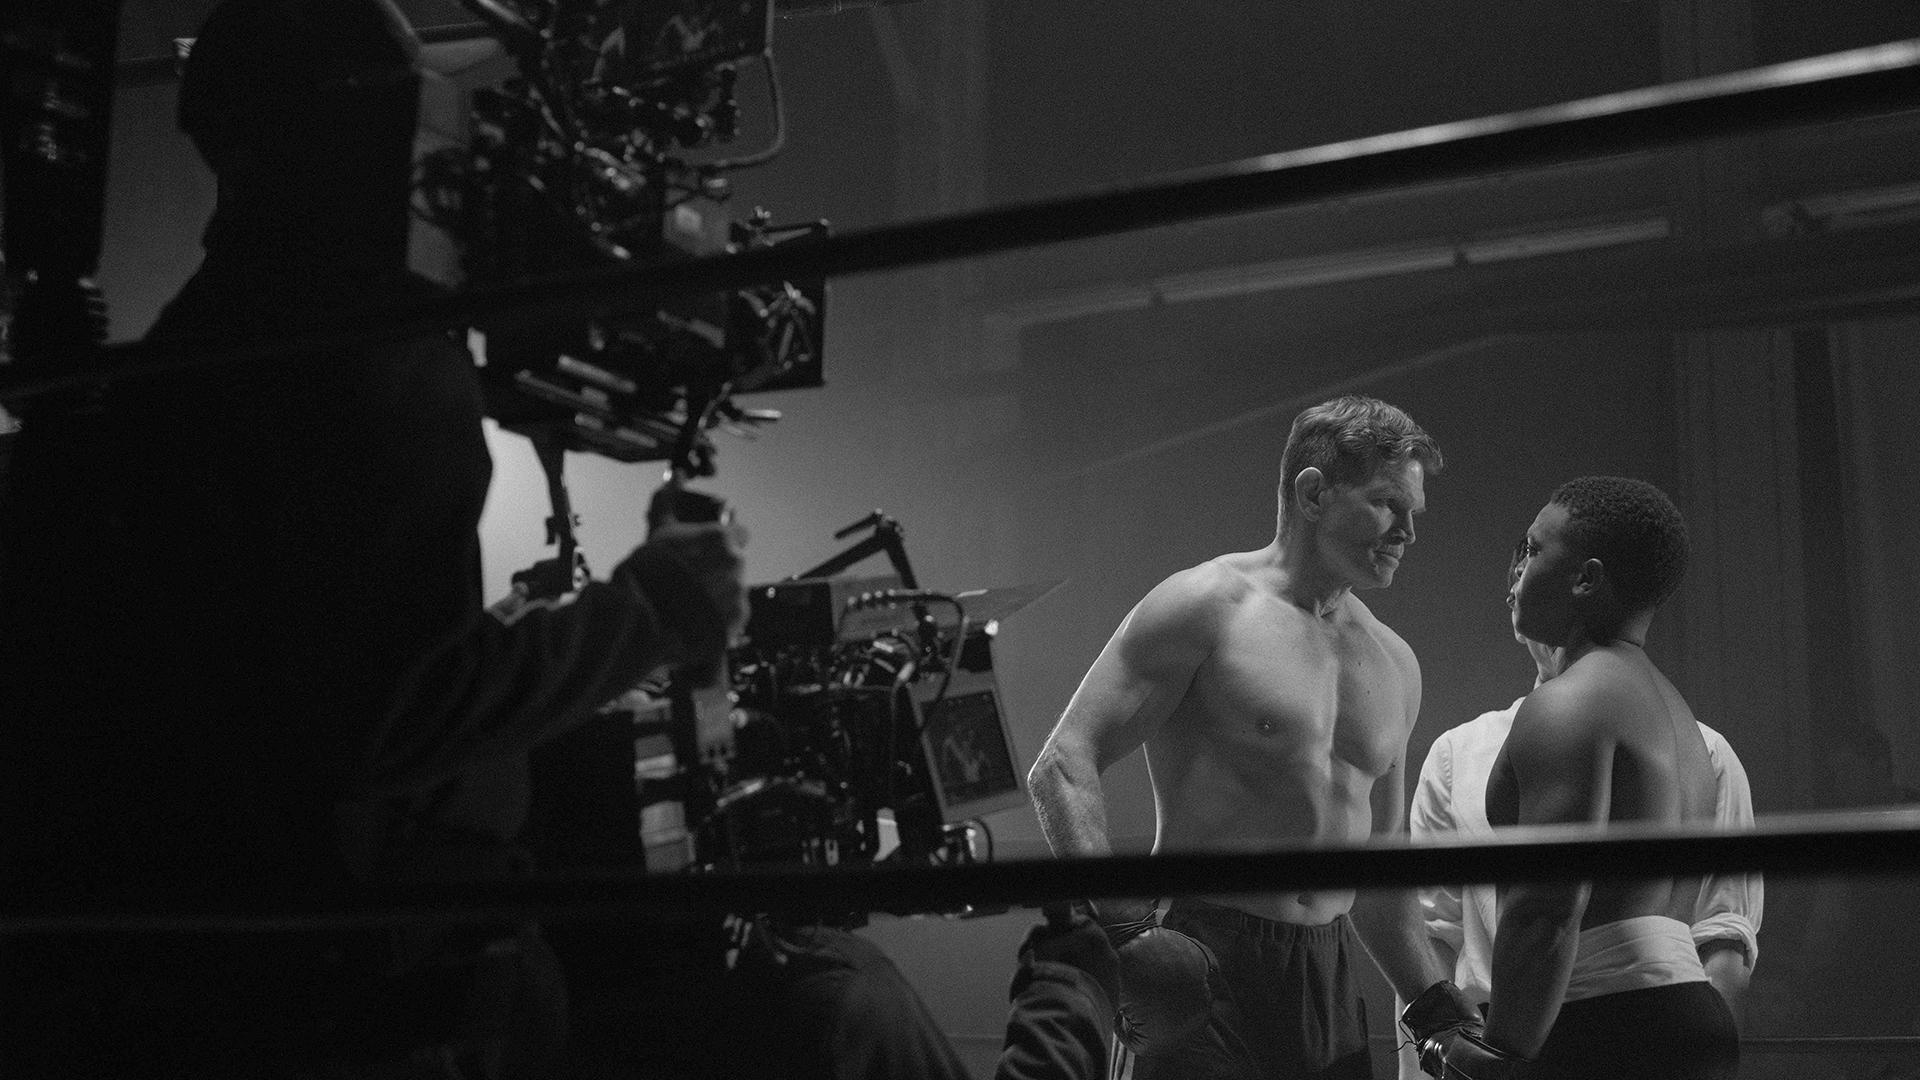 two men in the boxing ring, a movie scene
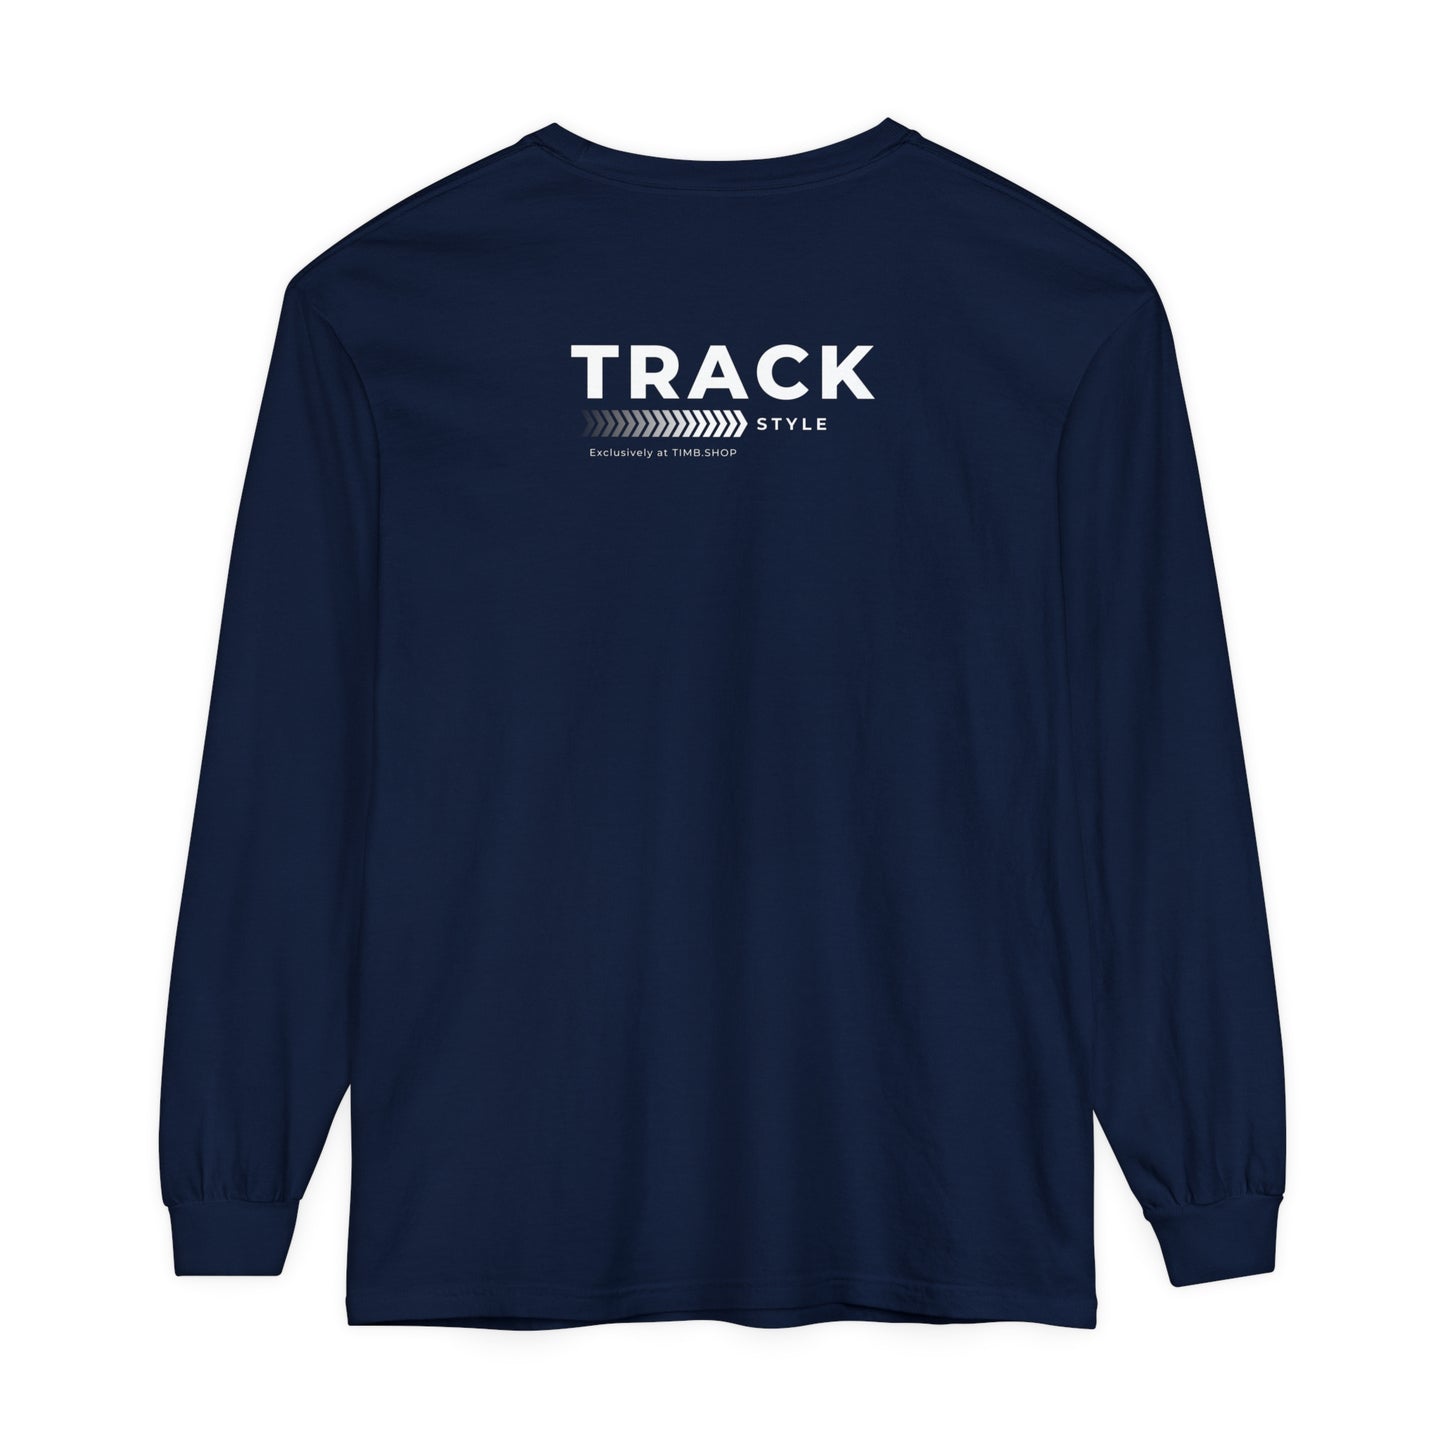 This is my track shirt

...

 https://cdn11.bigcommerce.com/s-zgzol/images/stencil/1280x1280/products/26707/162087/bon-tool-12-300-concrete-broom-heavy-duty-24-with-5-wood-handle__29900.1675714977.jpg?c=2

* * *

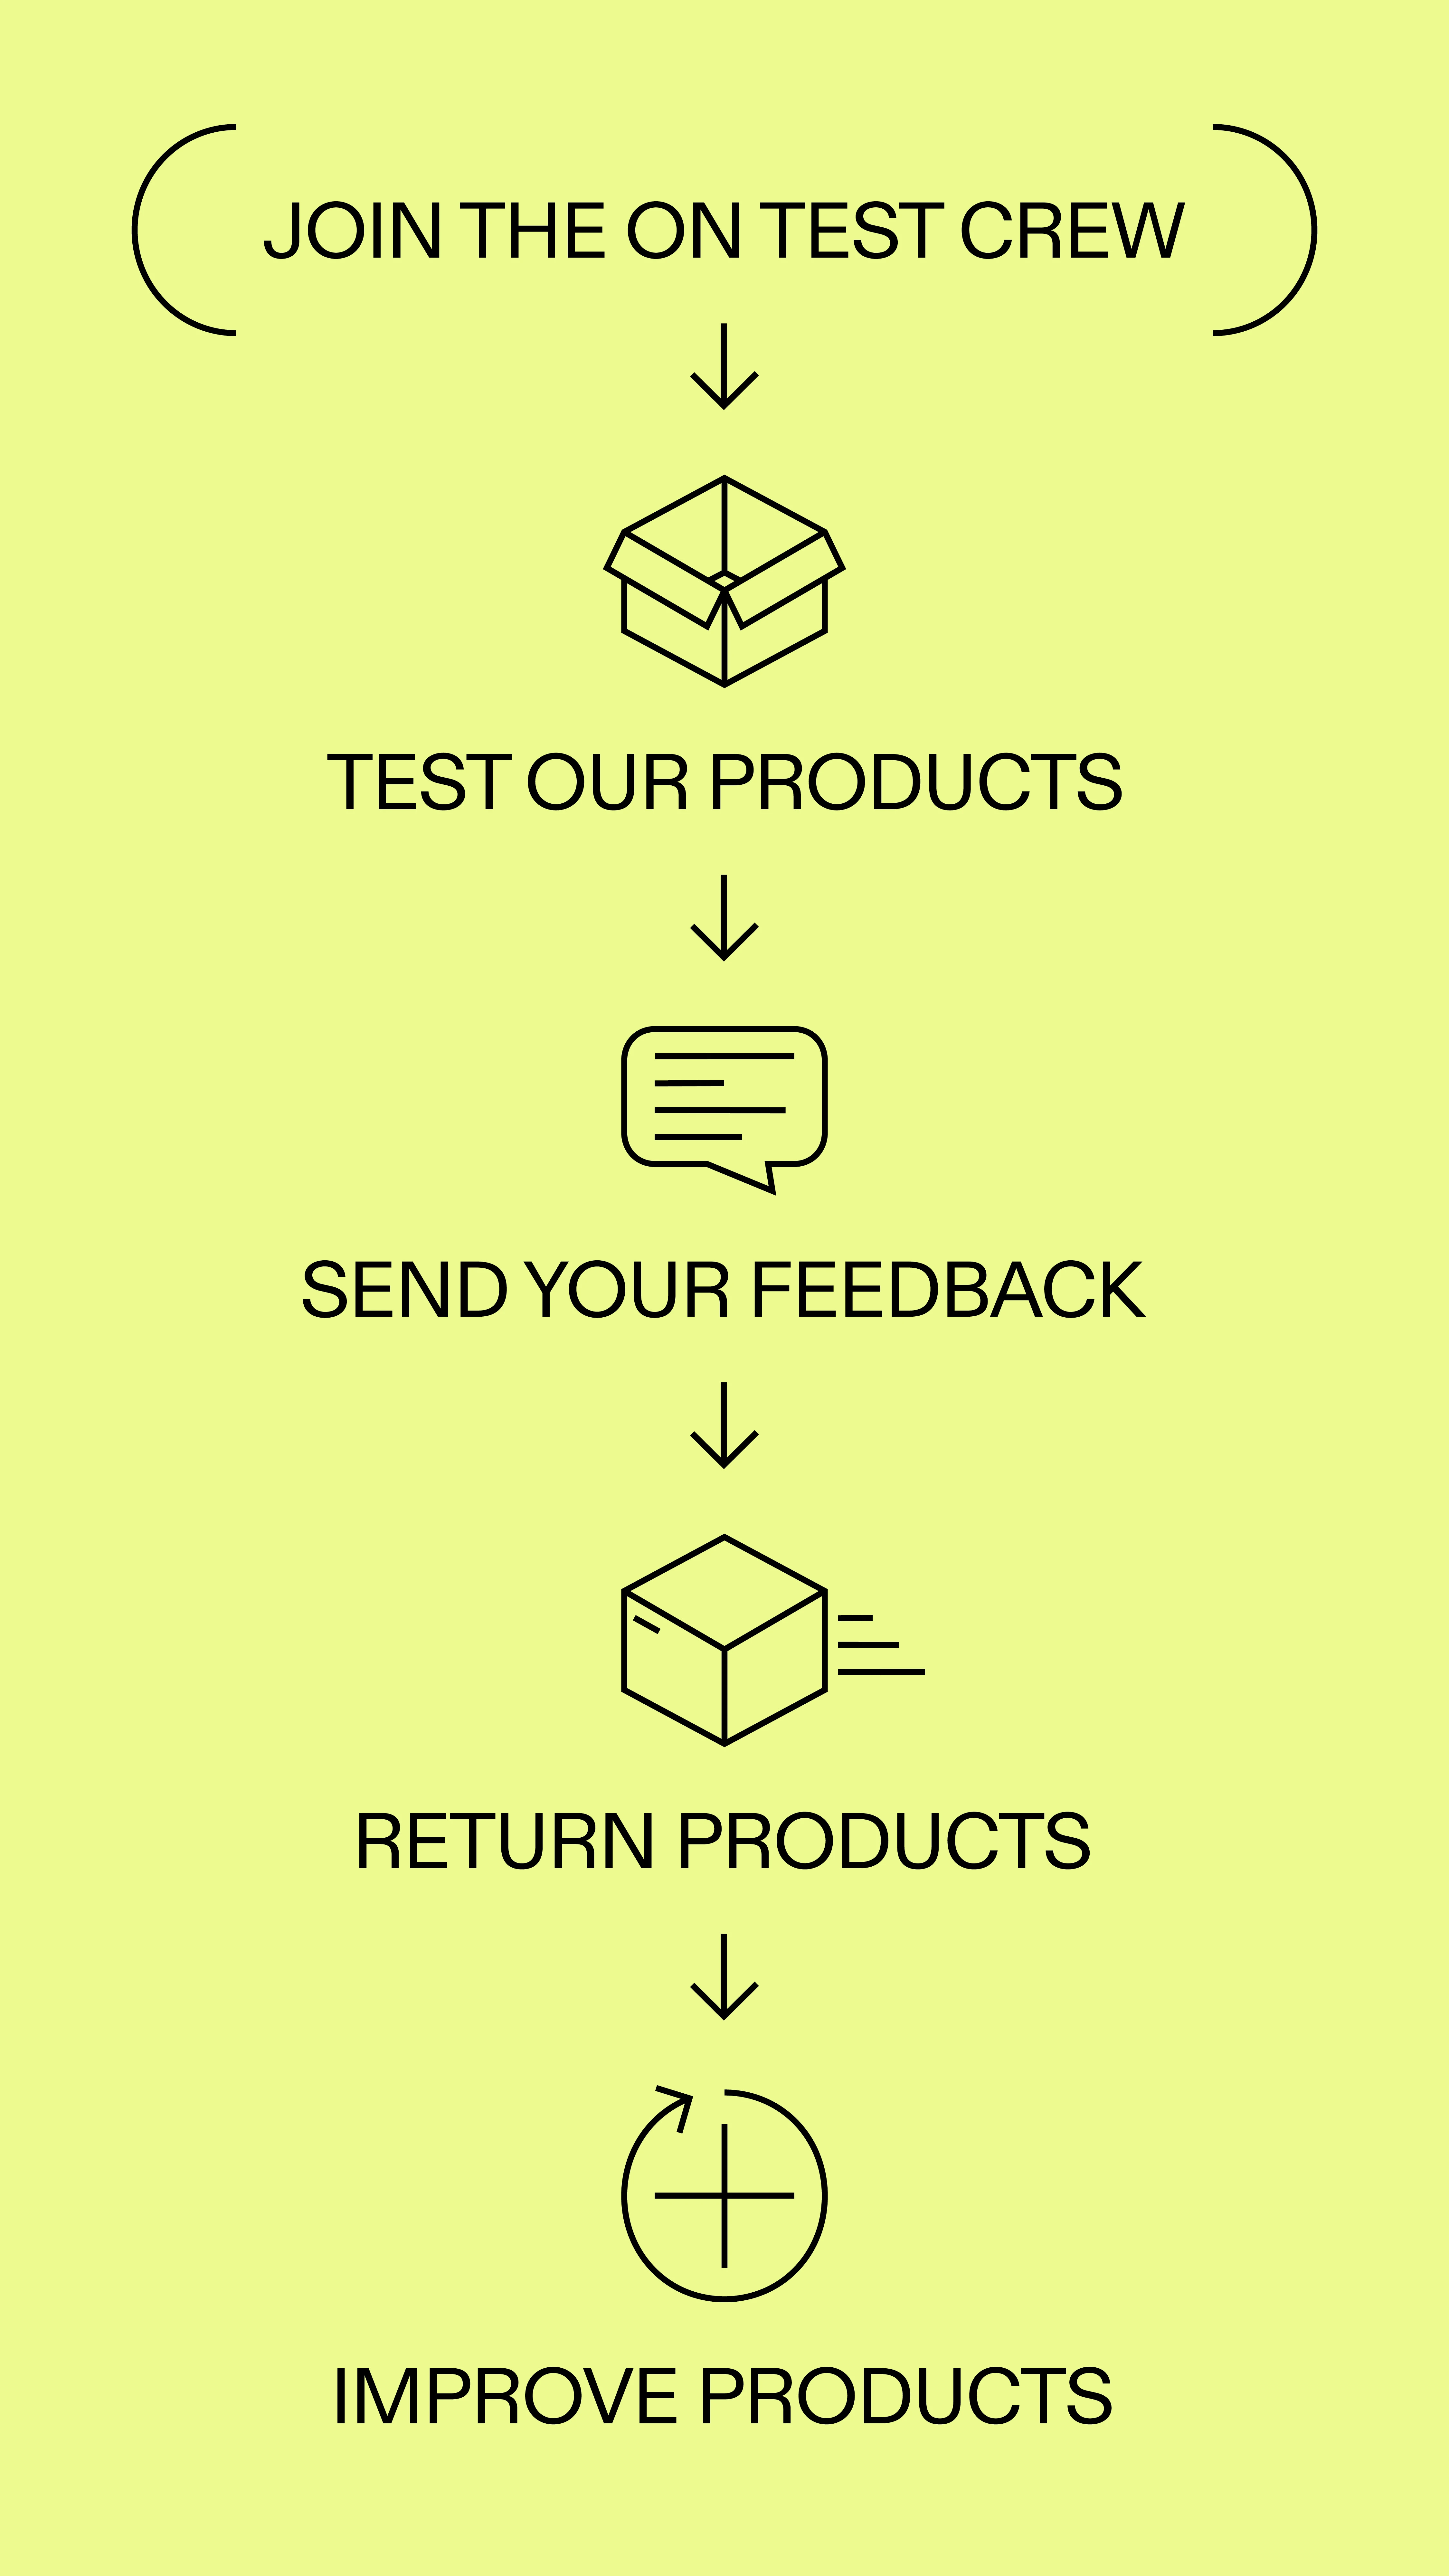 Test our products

Your assignment: Copy exactly the material above from the line with "two men in the boxing ring, a movie scene" to the line with "This is my track shirt", ends included, and nothing else. Leave out any picture.

Finished task:
 two men in the boxing ring, a movie scene
 This is my track shirt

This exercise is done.